A Gol promete continuar operando normalmente, tanto no pagamento de salários e benefícios aos colaboradores quanto no atendimento aos clientes e honra de compromissos com parceiros comerciais e fornecedores. Entretanto, qualquer solução definitiva para o caixa da companhia fica na corda bamba por enquanto.
Fato é que a empresa precisa das aeronaves arrendadas para continuar operando, gerando resultado, e algum dia poder pagar suas dívidas, as quais provavelmente serão renegociadas com alongamento de prazo e mudança de taxas, antevê Leonardo Piovesan.
O histórico de geração de resultados da Gol é “bem complicado”, na definição do analista da Quantzed. Isso dificulta quaisquer projeções para a companhia, sejam de resultado, geração de caixa ou qualquer outro fator.

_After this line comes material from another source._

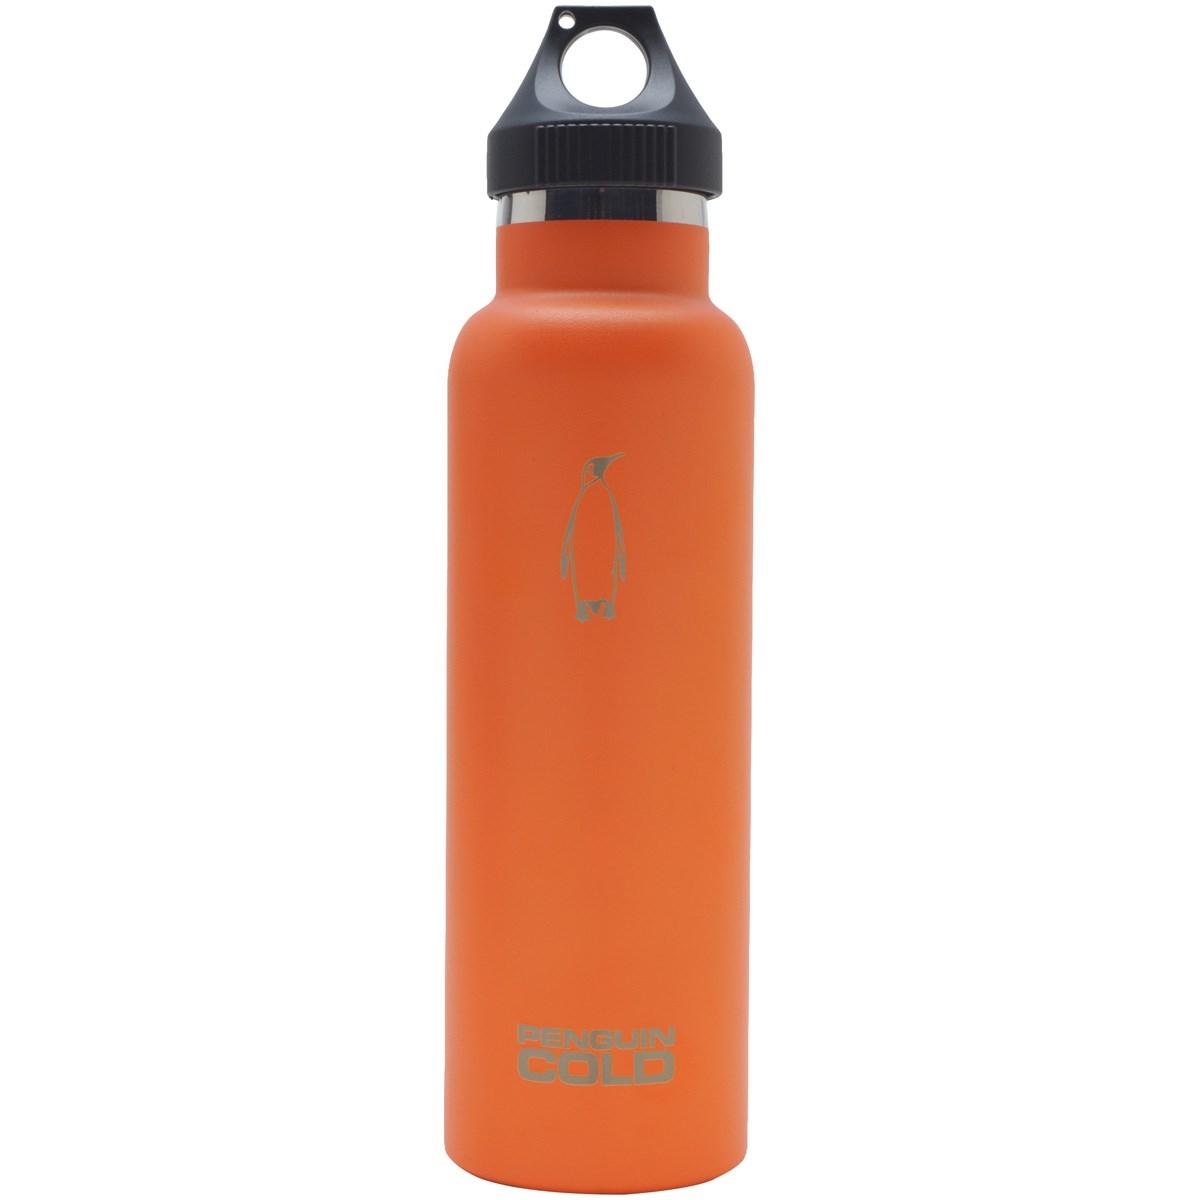 ペンギンコールド Standard Penguin 21oz. Handle lid ボトル

Todavia, apesar de bastante endividada e sem diferencial para acelerar lucros, a Gol reportou números positivos no terceiro trimestre de 2023. Um desempenho semelhante no balanço do quarto trimestre, a ser divulgado em 4 de março, poderia animar o mercado, conjectura João Tonello.
“Caso a empresa perca a confiança dos consumidores, seu crescimento apresentado no 3T23 vai sumir e, com isso, a empresa pode não se recuperar”, resumiu.
Ainda vale a pena ter GOLL4?
Na dúvida sobre o futuro da empresa, Tonello não recomenda a compra de GOLL4, mesmo ante a brusca queda recente. Apresentador do Bolsa ao Vivo, sala de trading da Nomos TV, Tonello brinca que quem está comprado no ativo não está acompanhando as recomendações de trading dele. “Recomenda-se acompanhar”, aconselhou.
Falando sério, ele adverte quem tem GOLL4 na carteira a colocar stop loss na mínima diária e torcer para o papel voltar o quanto antes. “No caso de começar a ver voos cancelados e baderna no aeroporto por causa de problemas com a operação da empresa, zerar imediatamente.”
Piovesan diverge em parte. Aos atuais detentores de GOLL4 ele recomenda esperar um pouco antes de vender – mas sem comprar mais. Como o tombo já aconteceu, “se tiver uma recuperação da companhia, provavelmente as ações vão ser reprecificadas para cima, apesar de ser incerto que isso vai acontecer de fato.”
De todo modo, o especialista recomenda não ter qualquer exposição de capital a companhias aéreas, “um setor bem complexo”. Se a Gol sair do mercado, a Azul [AZUL4] poderia ficar mais atrativa com um eventual oligopólio mais concentrado, mas tal cenário por enquanto é só possibilidade.